◆ WORK TO BE COMPLETED
Exact transcription, pictures omitted: reproduce the listing below.

◆ RECORDED DATA
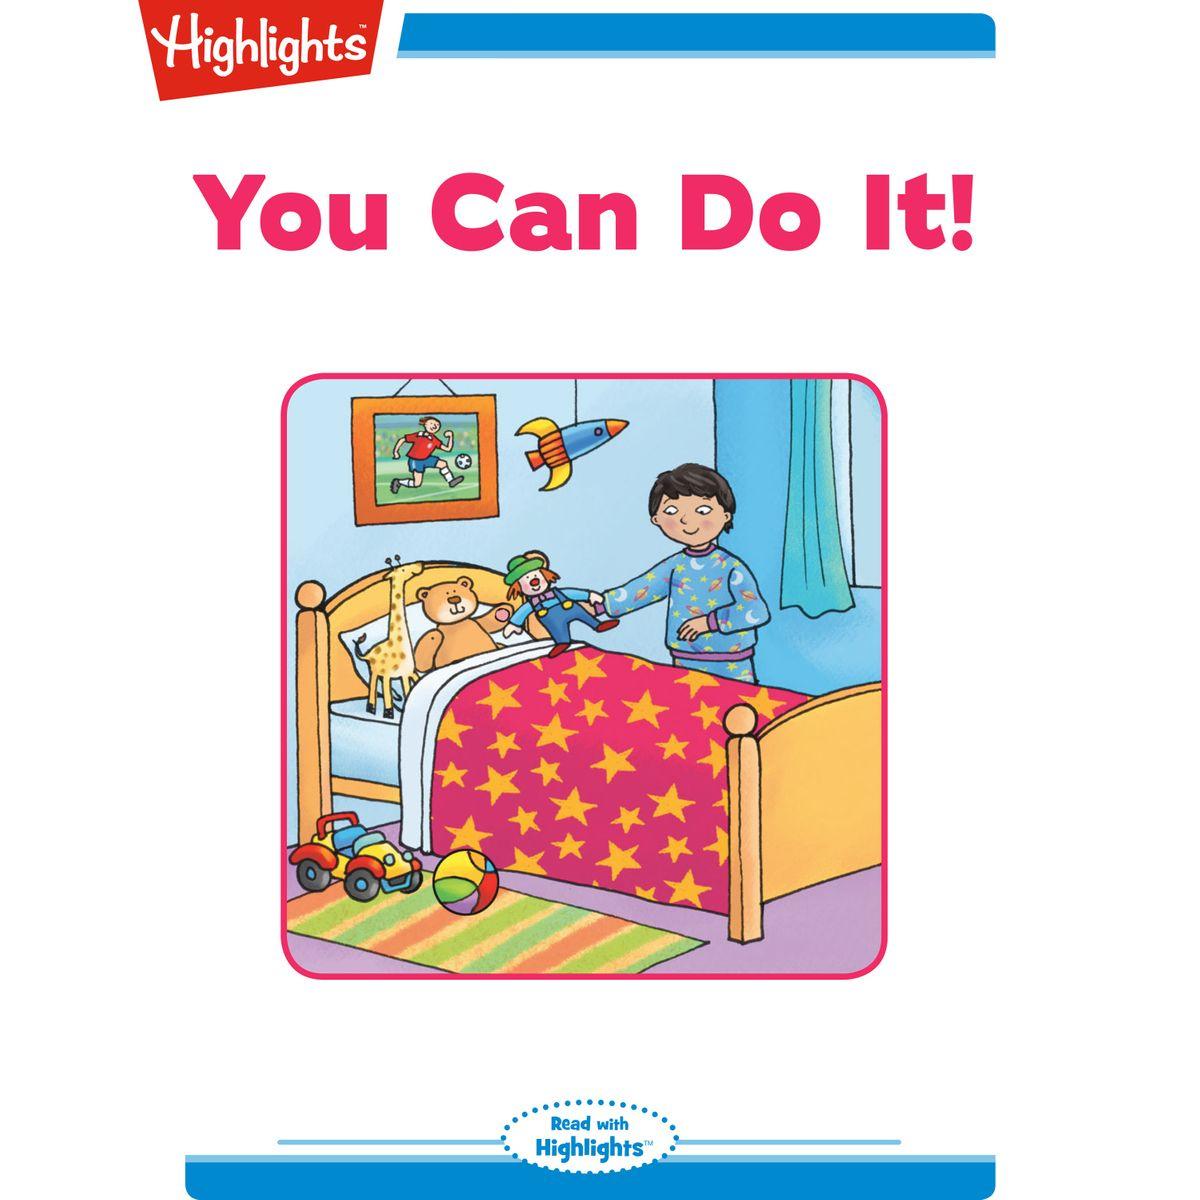 You Can Do It Livre Audio By Highlights For Children - Rakuten Kobo dedans Paper Toy Gratuit
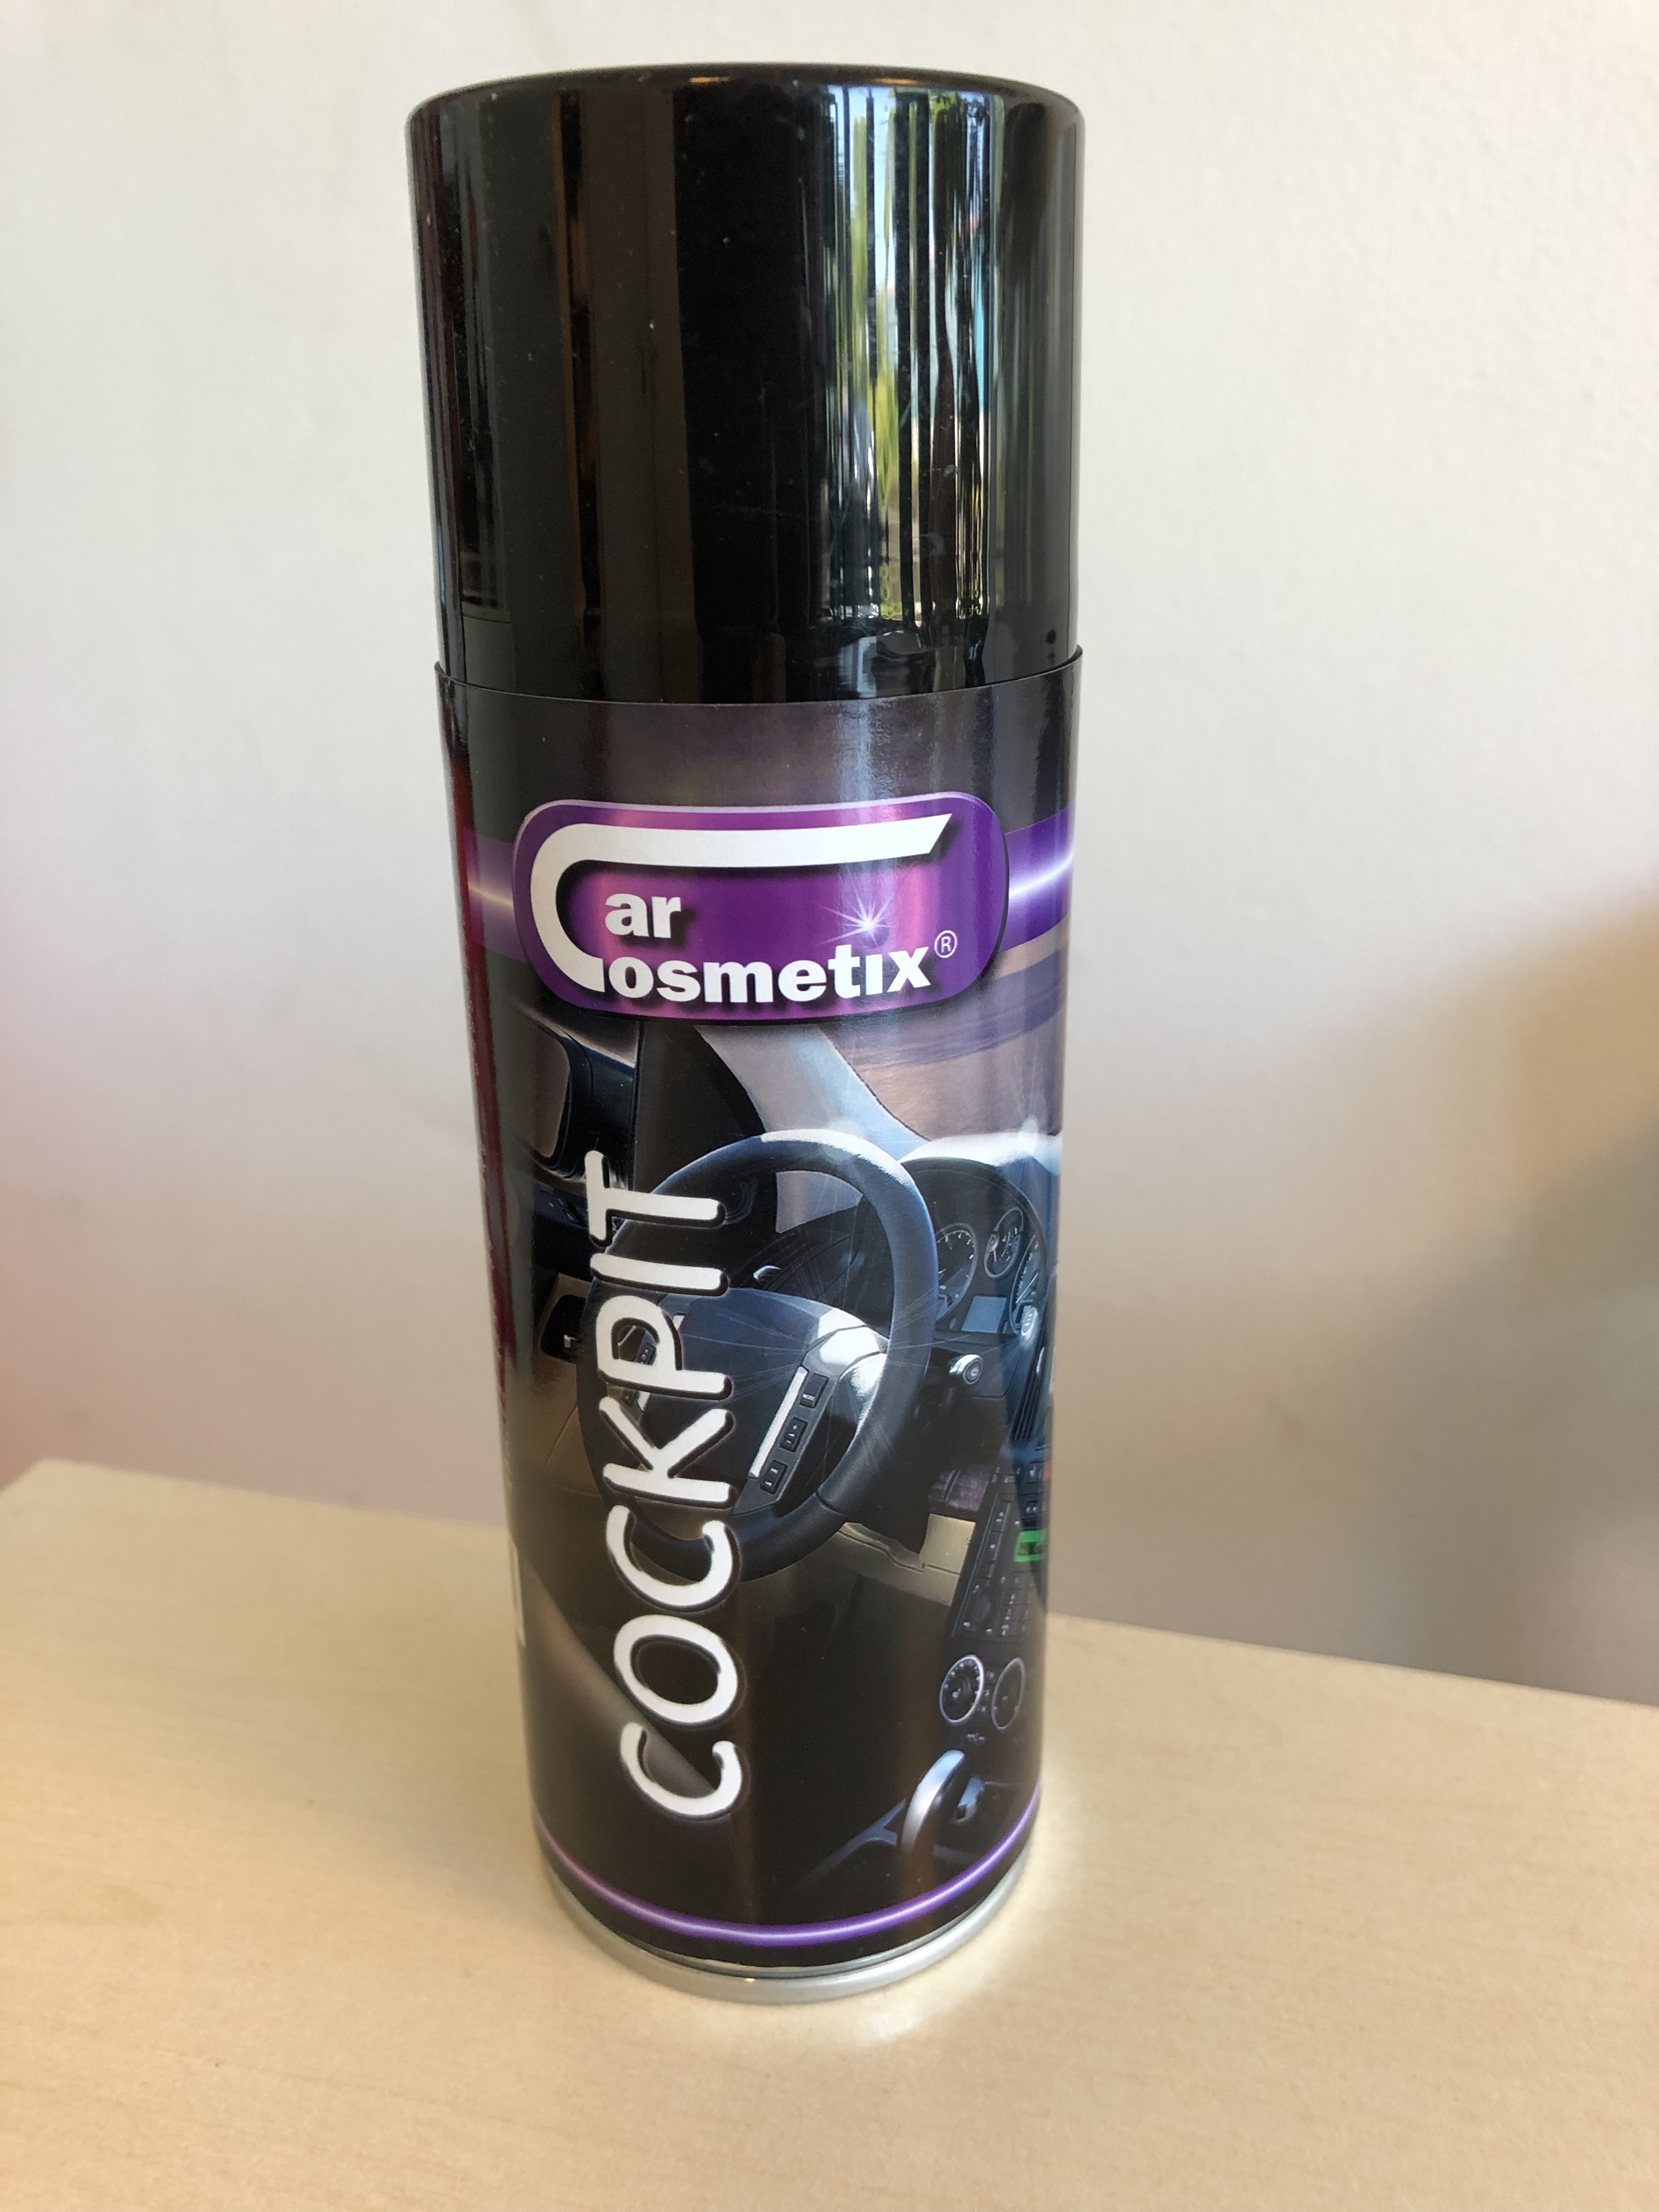 Cockpitspray
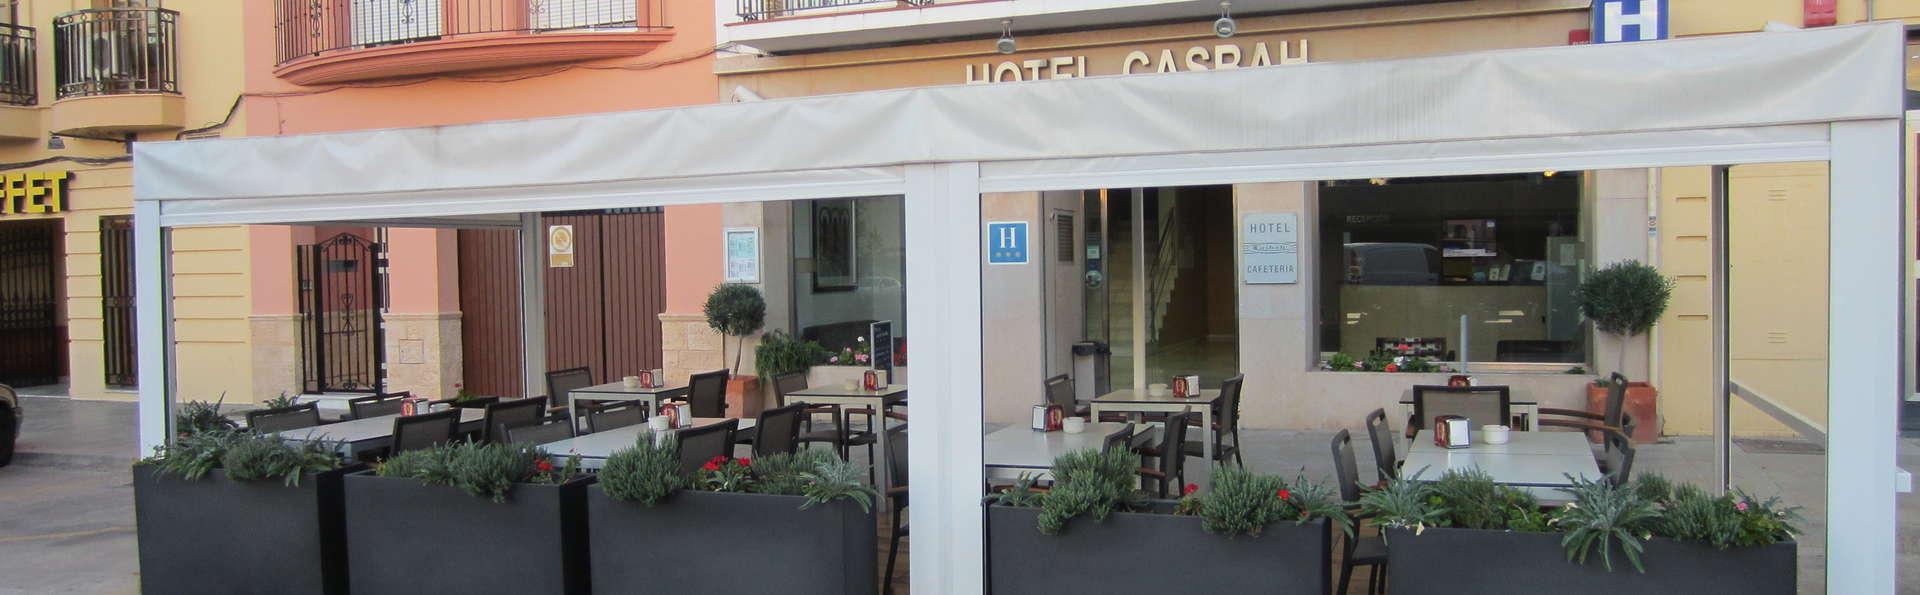 Hotel Casbah (inactif) - IMG_4872.JPG

◆ REPLY TO THE TASK
 You Can Do It Livre Audio By Highlights For Children - Rakuten Kobo dedans Paper Toy Gratuit
 Cockpitspray
 Hotel Casbah (inactif) - IMG_4872.JPG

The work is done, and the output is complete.